The years of economic strain in Venezuela are forcing some oil workers to turn to unusual ways to generate income.

According to Reuters, some workers at state-owned PDVSA have begun selling their company uniforms as a way to earn extra money amid an ongoing economic crisis.

A street vendor interviewed by Reuters said PDVSA employees approach him every day attempting to sell their overalls, boots, gloves and masks.

Jobs at PDVSA are highly coveted for the above-average salary and benefits employees are offered.

According to Reuters, the company’s 150,000 employees earn between $35 to $150 per month along with food tickets worth about $90 per month.

Low oil revenues have strained the finances of both state-owned PDVSA and the country’s government.

A lack of funds and supplies have also pulled the country’s oil output down by more than 200,000 barrels per day.

According to data collected by OPEC, Venezuela produced 2.104 million barrels per day in August, down from a high of 2.361 million barrels per day in 2014.

The country is now running low on basic supplies and has had trouble paying its bills.

President Nicolás Maduro has blamed the supply shortage on U.S. companies holding back supplies, a move that he alleges is part of a plot to undermine his government.

Venezuela was the first to advocate for an OPEC production deal, a request larger producers rebuffed for nearly two years.

OPEC members tentatively agreed to reduce output by about 700,000 barrels per day earlier this month.

Venezuela, along with other struggling OPEC members, will likely be allowed to hold production steady.

A potential production deal would likely see Saudi Arabia and other large OPEC producers shoulder most of the production cuts.
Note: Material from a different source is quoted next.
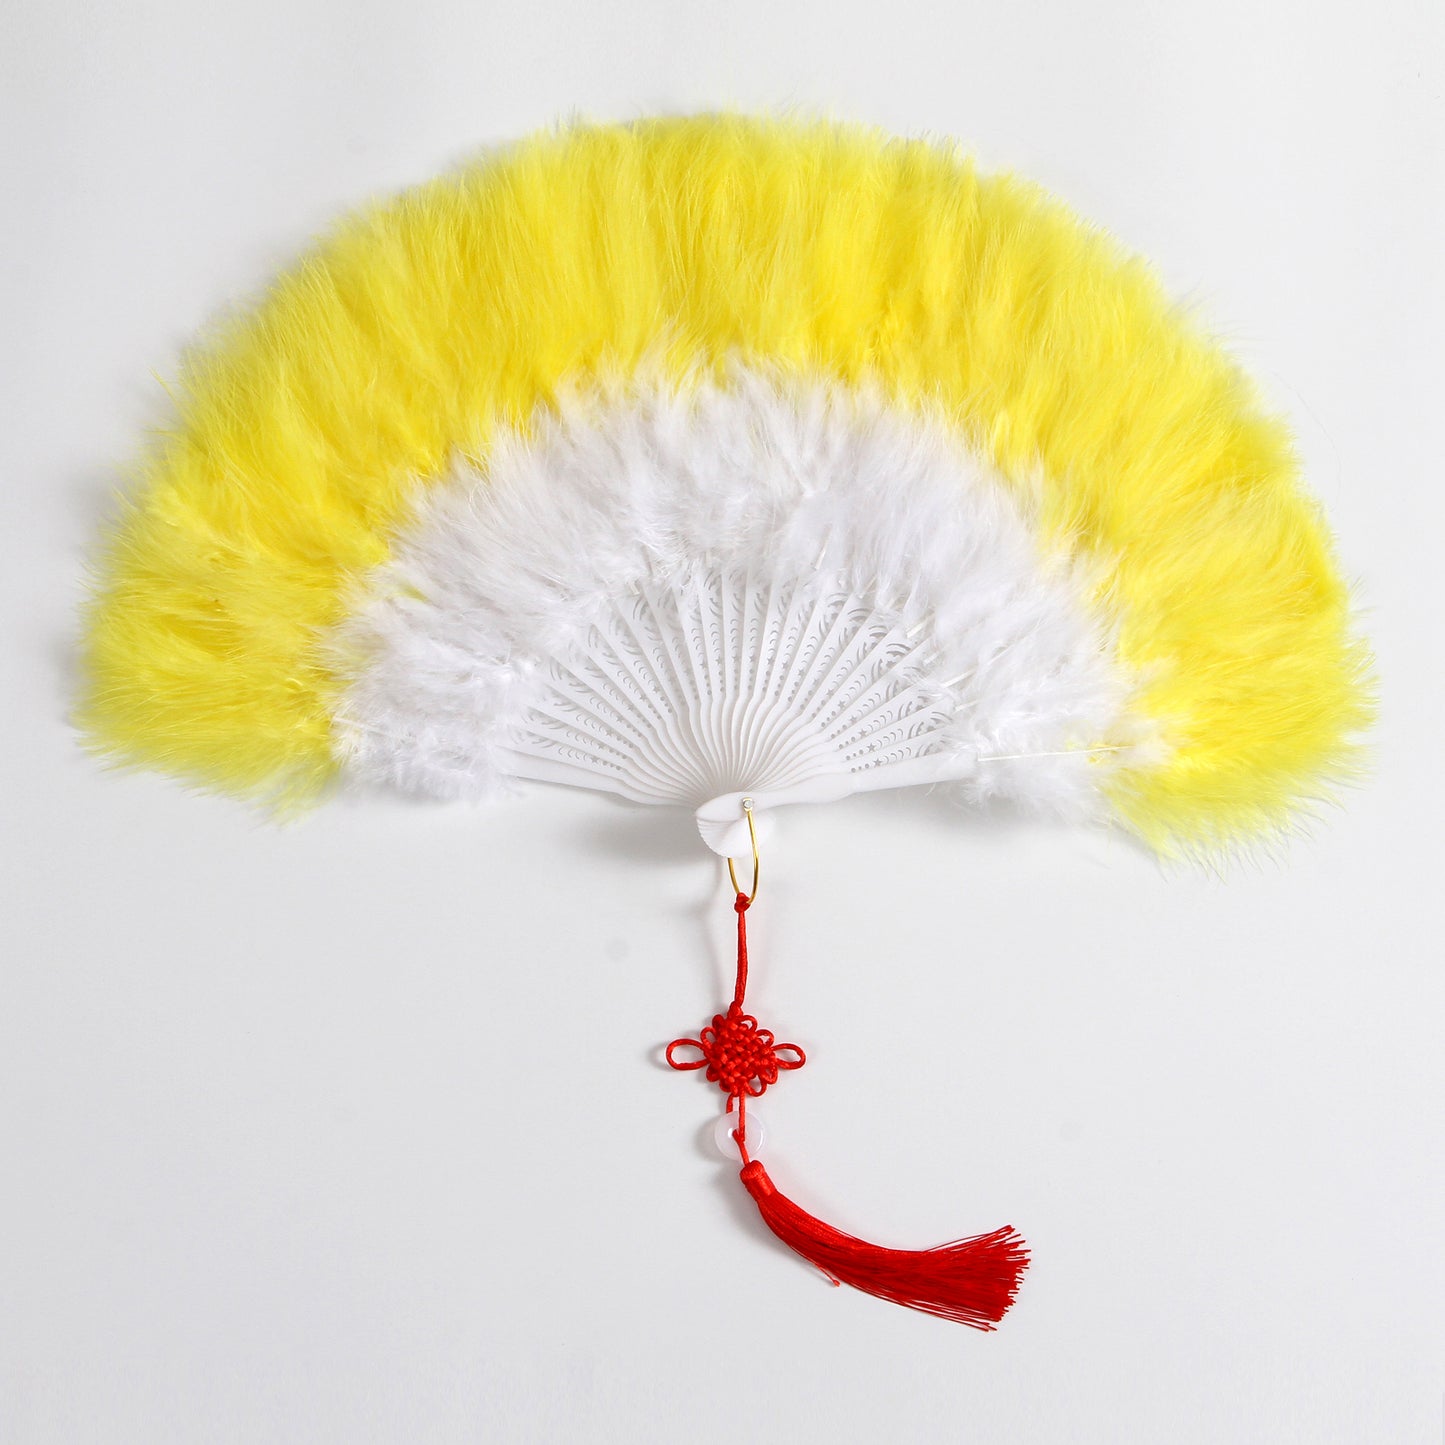 Marabou Feather Fan white+yellow

Documents seen by Reuters this week reportedly show that PDVSA is looking to issue up to $4.7 billion in debt securities to help pay contractor bills.

Earlier this year, Schlumberger said it would reduce its activity levels in Venezuela due to “insufficient payments.”

Schlumberger added at the time that it remained “fully committed to supporting the Venezuelan exploration and production industry.”
In a statement, PDVSA “categorically” denied media reports about Schlumberger’s decision.

Last month, Schlumberger was selected by PDVSA to be one of three firms that will participate in a new multi-billion onshore drilling campaign.